Plusieurs défis incombent le développement de Jenkins. Contrairement à Siri et Google Now, Jenkins est toujours à l'écoute et doit faire distinguer les commandes des conversations. Du coup, Jenkins répond encore à la télévision, donnant la météo lorsque personne ne le sollicite. La semaine dernière, il méprenait ses propres réponses pour des commandes. Malgré mes meilleures intentions, Jenkins n'est pas encore prêt à surveiller mon neveu.

De plus, pocketsphinx, le seul logiciel libre de reconnaissance vocal, n'offre aucune documentation utilisable. À l'instar de la majorité des projets open source, les instructions sont souvent abstraites ou incomplètes, et une bonne majorité du projet reste sans documentation depuis plusieurs années. Ironiquement, sphinx est aussi le nom d'un module de génération de documentation.

Presque tous les programmes qui utilisent pocketsphinx et gstreamer sont des copies exactes du seul exemple offert pour Python, ce qui a rendu les premiers pas très difficiles.

Heureusement, une fois que la commande est extraite de pocketsphinx, c'est business as usual: On prend une phrase et on l'associe à une fonction qu'on exécute. J'ai suffisamment simplifié cette partie pour qu'une commande puisse y être ajoutée en quelques secondes. Contrairement aux autres implémentations de pocketsphinx en Python, celle-ci est modulaire, configurable et assidûment documentée.
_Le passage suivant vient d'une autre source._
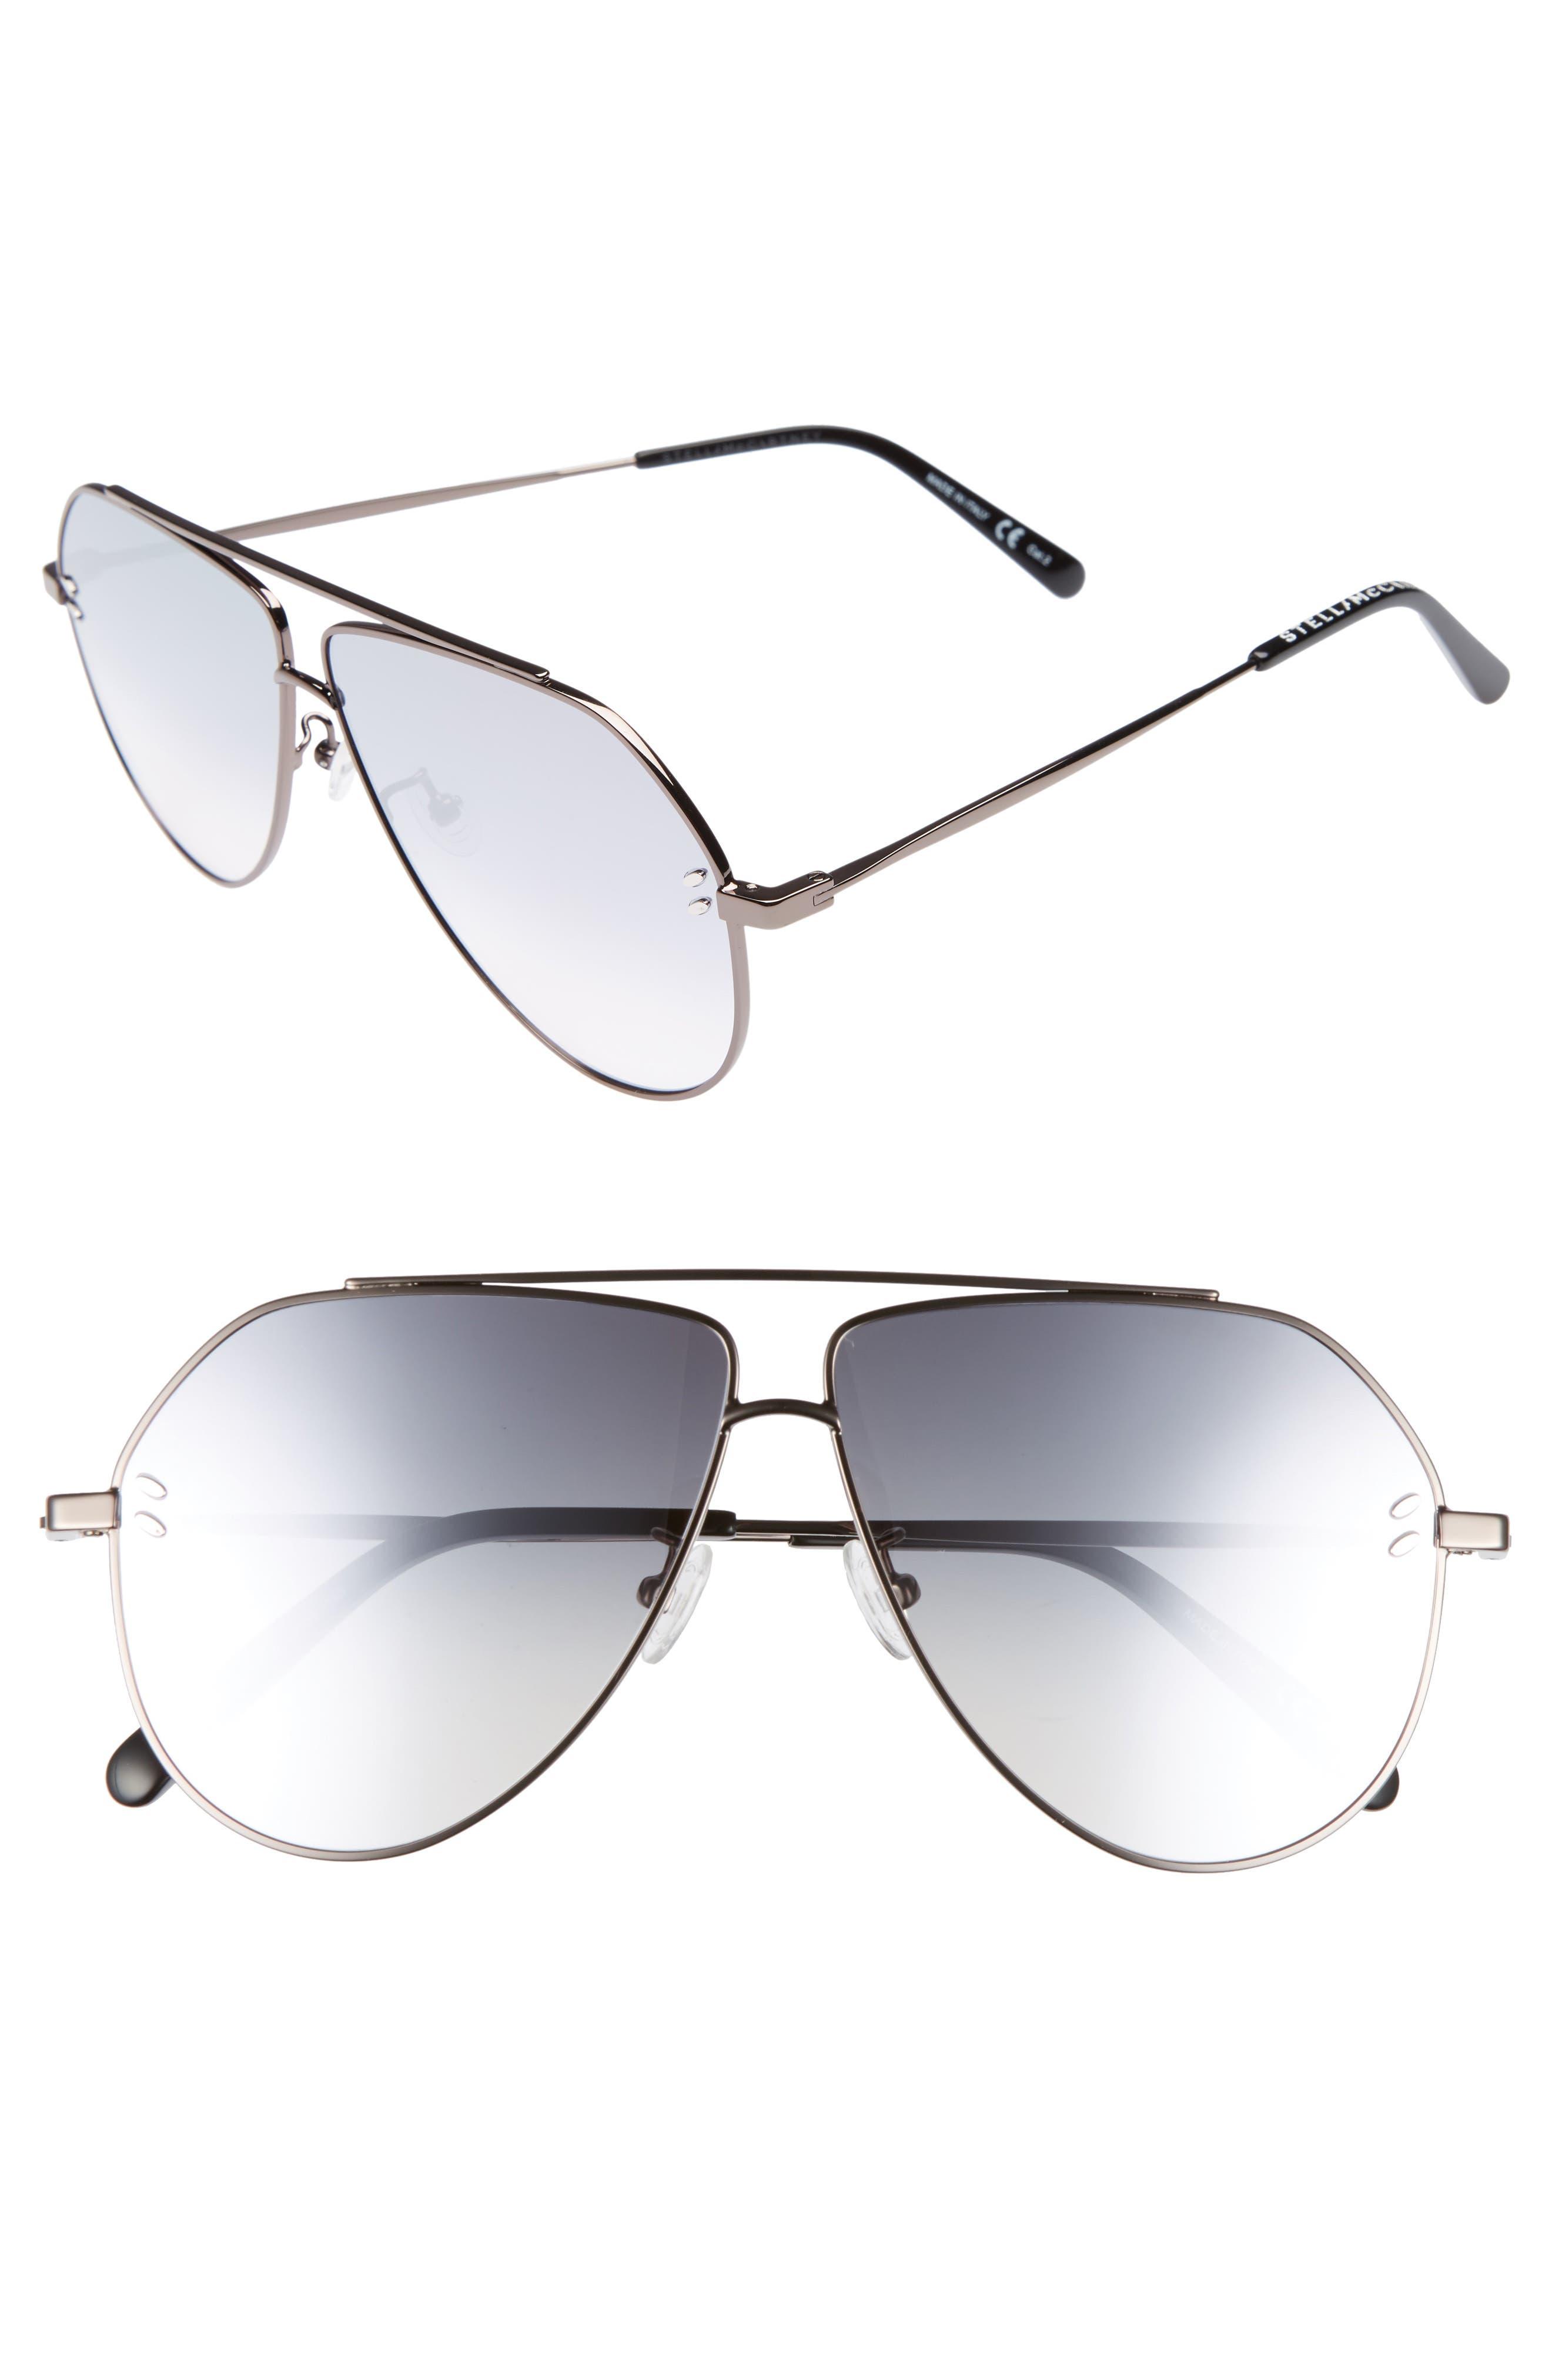 60mm Aviator Sunglasses,                         Main,                         color, Ruthenium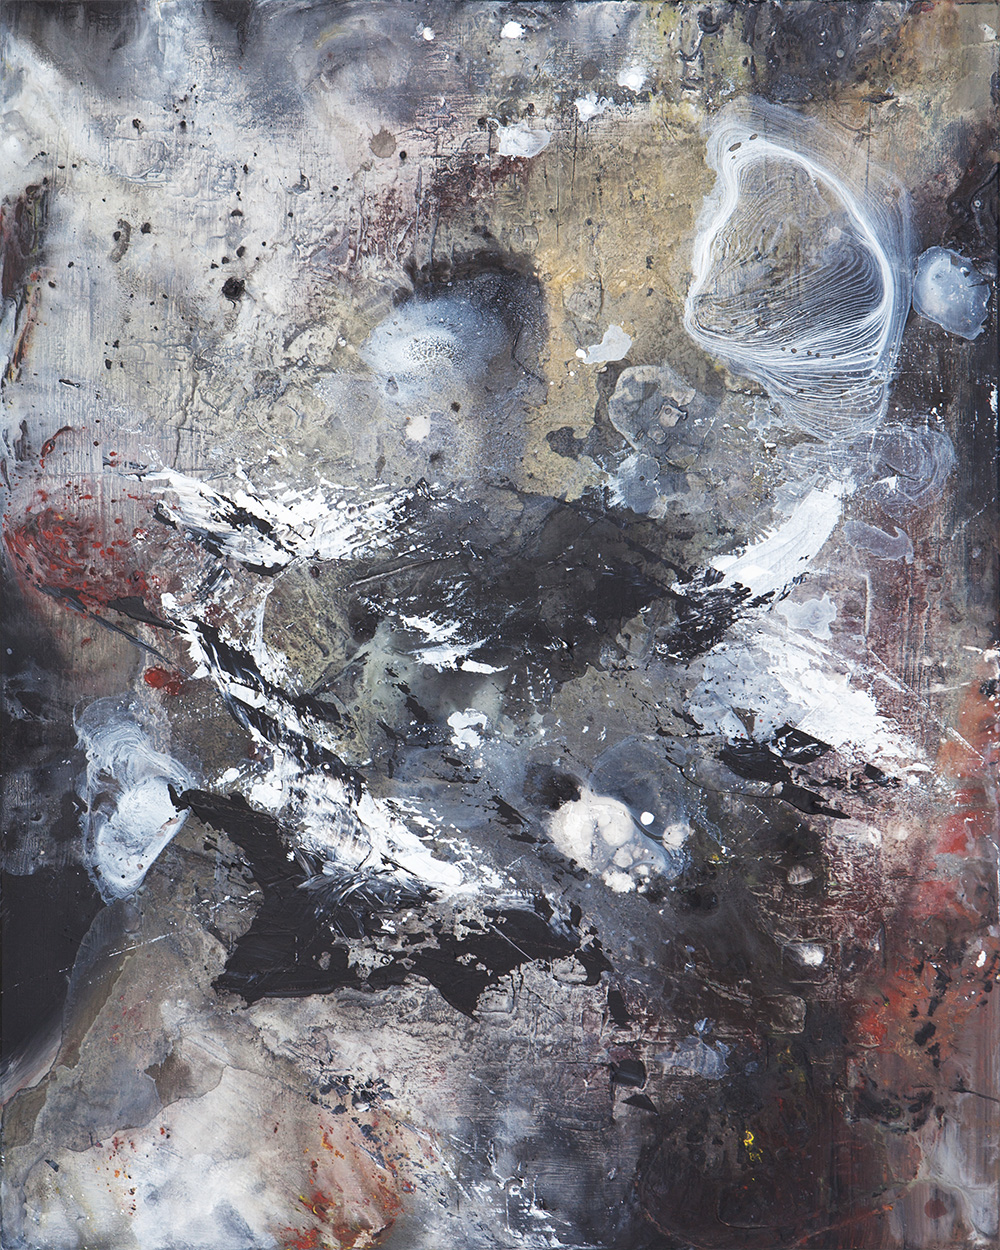 Weltenbummler | Acrylic, oil on canvas | 100x80cm | 2016

Lorsque Jenkins doit se prononcer, il utilise festival, un logiciel de synthèse vocale pour Linux. Celui-ci n'arrive pas à la cheville de Siri pour ce qui est de la prononciation, mais il fait bien le travail pour l'instant.

Le statut du projet

En ce moment, ajouter des commandes à Jenkins est une tâche très simple. Cependant, il a toujours de la difficulté à ignorer les conversations qui ne l'impliquent pas. C'est un problème sur lequel repose le futur du projet, et je dois encore y trouver une solution.

Dans le futur

J'ai déjà quelques idées pour des commandes futures que Jenkins pourra interpréter. J'aimerais y intégrer l'éclairage de l'appartement, le contrôle de la télévision et plusieurs autres idées farfelues. Une fois que le système de base est fiable, l'ajout de nouvelles commandes n'est pas terriblement compliqué.